Prepare Training Set
The “training set” is basically the point data set with the single dialects. This stems from statistical learning terminology, as I actually use a method from that area, the so-called k-nearest-neighbor interpolation (which can also be used for predictive analytics, for example).
First, I convert the geometric point data set back to a regular data
frame, where lon
and lat
are nothing more than numeric values
without any geographical meaning.
I also use some dplyr
magic to only retain the 8 most prominent
dialects in the 150k point data set. Why? Because plotting more than 8
different colors in the final map is a pain for the eyes – the different
areas couldn’t be distinguished anymore. But bear in mind: The more we
summarize the data set, the more local specialities we lose (endemic
dialects that only appear in one city, for instance).
dialects_train <- data.frame(dialect = point_data$pronunciation_id, lon = st_coordinates(point_data)[, 1], lat = st_coordinates(point_data)[, 2]) # only keep 8 most prominent dialects dialects_train %<>% group_by(dialect) %>% nest() %>% mutate(num = map_int(data, nrow)) %>% arrange(desc(num)) %>% slice(1:8) %>% unnest() %>% select(-num) # clean up rm(point_data)
Run KNN on Training Set
Now the magic happens. I use the kknn
function from the same-named
package to interpolate from the training set (point data,
dialects_train
) to the test data set (continuous, regular grid,
dialects_result
). The latter is derived from the coordinates of the
just created regular grid. The function kknn
takes these two data
frames and a formula dialect . ~
which tells it to interpolate the
dialect
factor variable according to all other variables, which are
nothing more than lng
and lat
. The cool thing is that these don’t
have to be geographical at all – but of course, this technique is often
used for geographical interpolations. The kknn
function takes k
as
the last parameter: it specifies from how many neighboring points (from
the point data set) a grid cell will be interpolated. I use k = 1000
below, and also tried out other values (there’s another example with
k = 2000
at the end of this post). The bigger this value, the
“smoother” the resulting surface will be, the more local details vanish.

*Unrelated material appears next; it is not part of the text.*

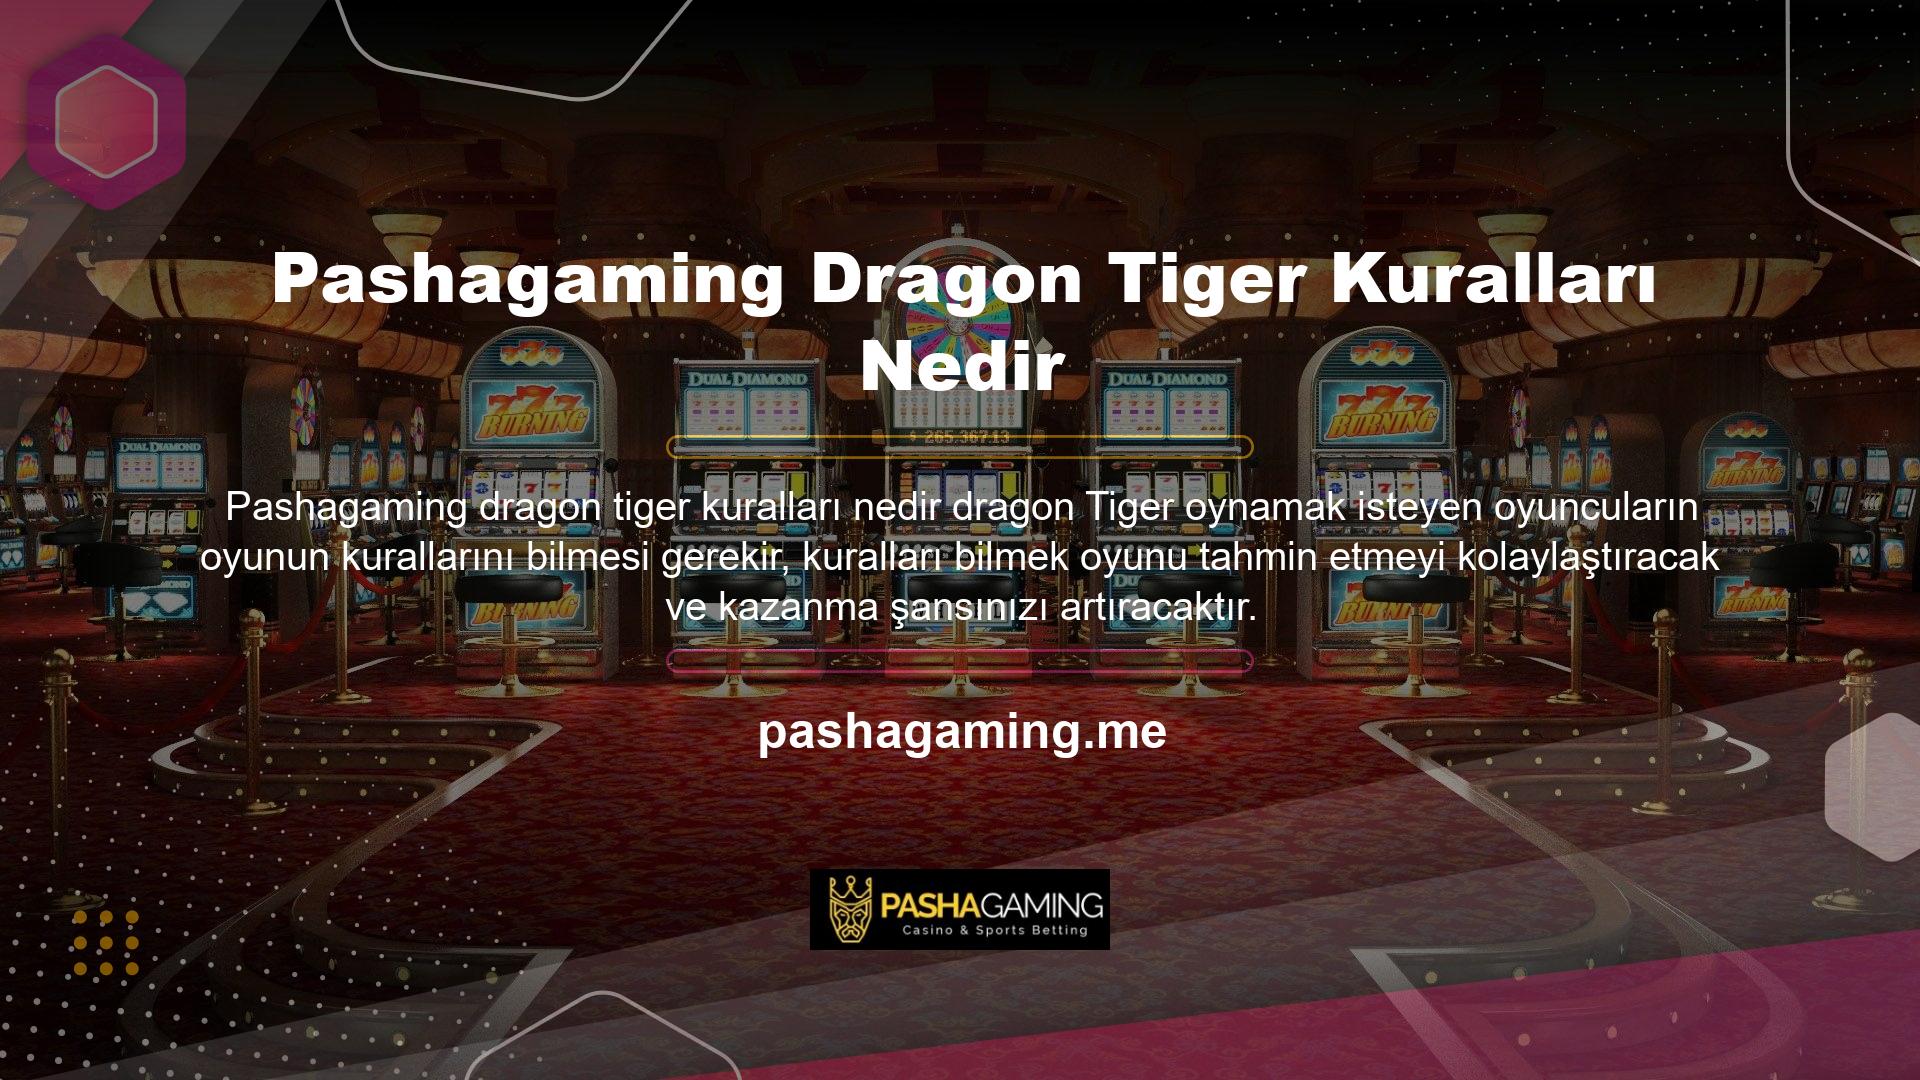 Dragon and Tiger oyununun kuralları şu şekildedir:

	İlk kart her zaman Fang Dragon'a dağıtılır

It’s hard to say which of these details are just noise or actual local
language varieties. One could certainly account for this by doing
something like cross-fold-validation, but since I first and foremost
wanted to produce very coarse maps for a popular culture book, I kind of
neglected this part. Furthermore, my co-authors, who are all linguists,
doublechecked each map for its linguistic plausibility.
What’s special about kknn
is that it can interpolate categorical
variables like the factor at hand here. Usually with spatial
interpolation, KNN is used to interpolate continuous variables like
temperatures from point measurements.
When working on this project I struggled a lot with engineering
problems, because computing only a 300 x 500 or so grid would take so
much memory, my computer would freeze all the time. I then bought 8 GB
of additional RAM just to discover that I now can interpolate 300 x 500,
but nothing more. Eventually I desperately posted a
question to the creator of
the kknn
package who quickly replied – thanks again @KlausVigo. His
answer opened my eyes. I could split up the result grid and compute each
tile separately! This solves the memory problems because the tiles are
small enough to easily fit into memory, and also speeds up the
computation by a factor of maybe 2 or 3 when computing on 4 cores.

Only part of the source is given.